Retraction classification

As we have noted in the literature review, the definitions of misconduct and error change from one study to another. In this study, we have chosen to classify as misconduct the articles, where there has been an intention of one author or more to deceive the readers and as error, where it was clear that the articles’ flaws were unintentional. We also classified the retractions inside the “misconduct” category according to the type of misconduct which took place (e.g. plagiarism).

We classified the retractions according to their retraction notices, Retraction Watch and the Retraction Watch database entries, if those exist. Two coders each classified the samples separately, after which the classifications were compared and differences have been discussed until agreement has been reached. In cases where agreement between the coders could not be reached, the retractions have also been classified as “unclear”.

The “unclear” category was also used when the two coders both considered the reason behind the retraction as unknown, based on our sources, and the “other” category was created for cases where the article has been retracted not due to error or misconduct of the authors but different reasons (such as concerns of legal actions against the journal unless the article is retracted, though the article itself is considered valid). The “influenced by a third party” category was used for misconduct where the authors have not been at fault, such as a commentary piece which has been retracted because the article it commented about was fraudulent.

Binary Choice Model

The binary choice model is a regression in which the dependent variable is a nominal variable. To create the model we limited our samples to all retractions which were retracted because of misconduct or error, leaving out the reasons “other”, “unclear” and “influenced by third party”. So, the reason of retraction has been reduced to a binary variable which is encoded as 1 if the reason for retraction is “misconduct” and 0 for publications which got retracted because of “error”.

This is possible as we focus only on the main reason for retraction; even though the occurrence of both reasons simultaneously is generally possible, if misconduct happened, it is usually the main reason for retraction. If error has been identified as the main reason, then misconduct did not happen. Therefore, we can use a binary choice model where “misconduct” and “error” are mutually exclusive.
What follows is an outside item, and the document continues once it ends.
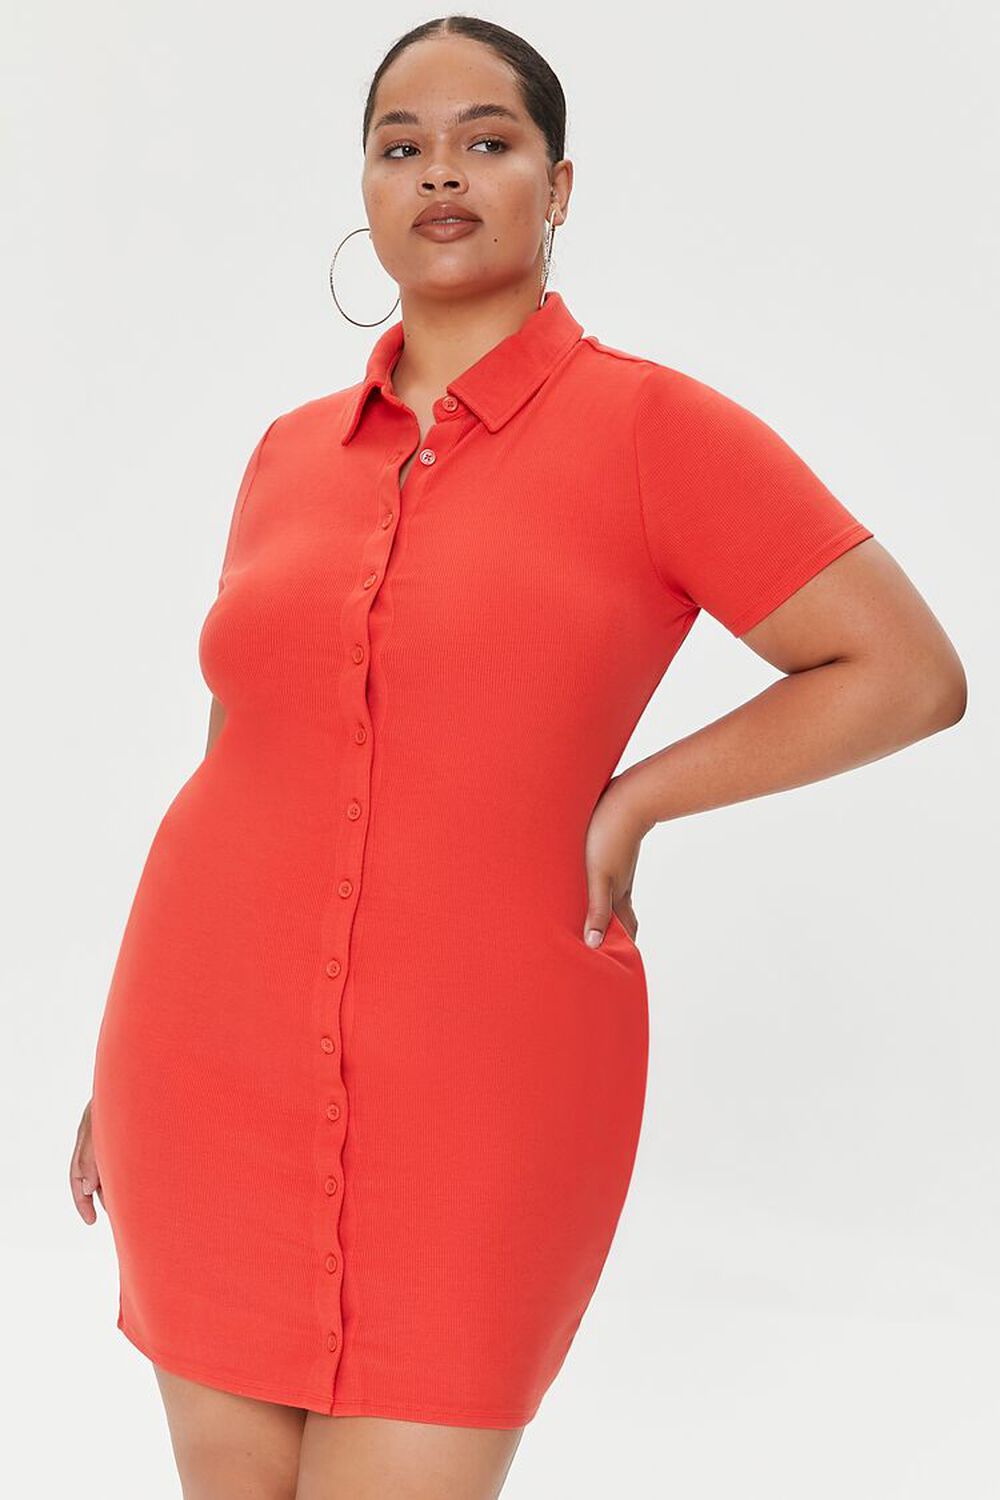 POMPEIAN RED  Plus Size Ribbed Shirt Dress, image 1
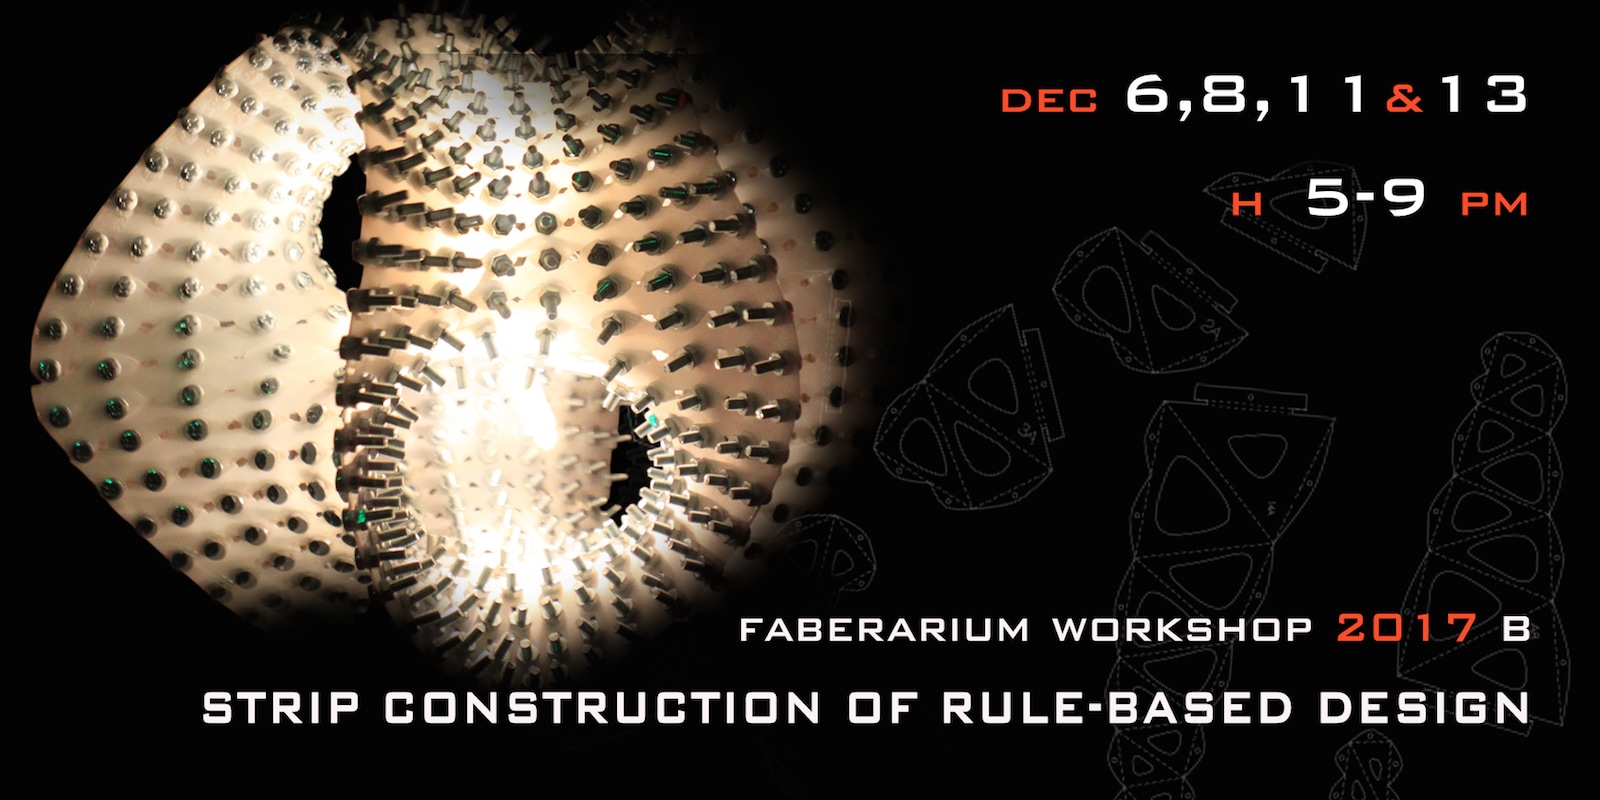 Archisearch Faberarium Workshop 2017b - Strip Construction of Ruled-based Design

Having this binary variable implemented as the dependent variable, we estimated if the probability of being retracted by misconduct increases or decreases due to the impact of an independent variable, also known as regressor. As we use a complementary log-log link function, which is a non-linear function, only average partial effects are given. The real effect varies depending on the regressors’ values. For this reason, we focus on the direction of the effect and on the statistical significance of the estimators. The regressors are the number of citations, the Journal Impact Factor and the number of days between publishing and retraction. We conducted this regression separately for each of our two samples.

Results

Descriptive Statistics

In the following Tables (1-4) we will compare some descriptive statistics of the two samples. In Table 1, the altmetric values of the random sample range from a minimum of 0.25 to a maximum of 3163.53. The median is 7.54; even though the random sample includes the retraction with the highest altmetric value, the sample’s mean is 53.57. There are many observations with low altmetric values and only a few with a high altmetric value, therefore the skewness is high (9.54) and the standard deviation is 317.49 (Tab. 1).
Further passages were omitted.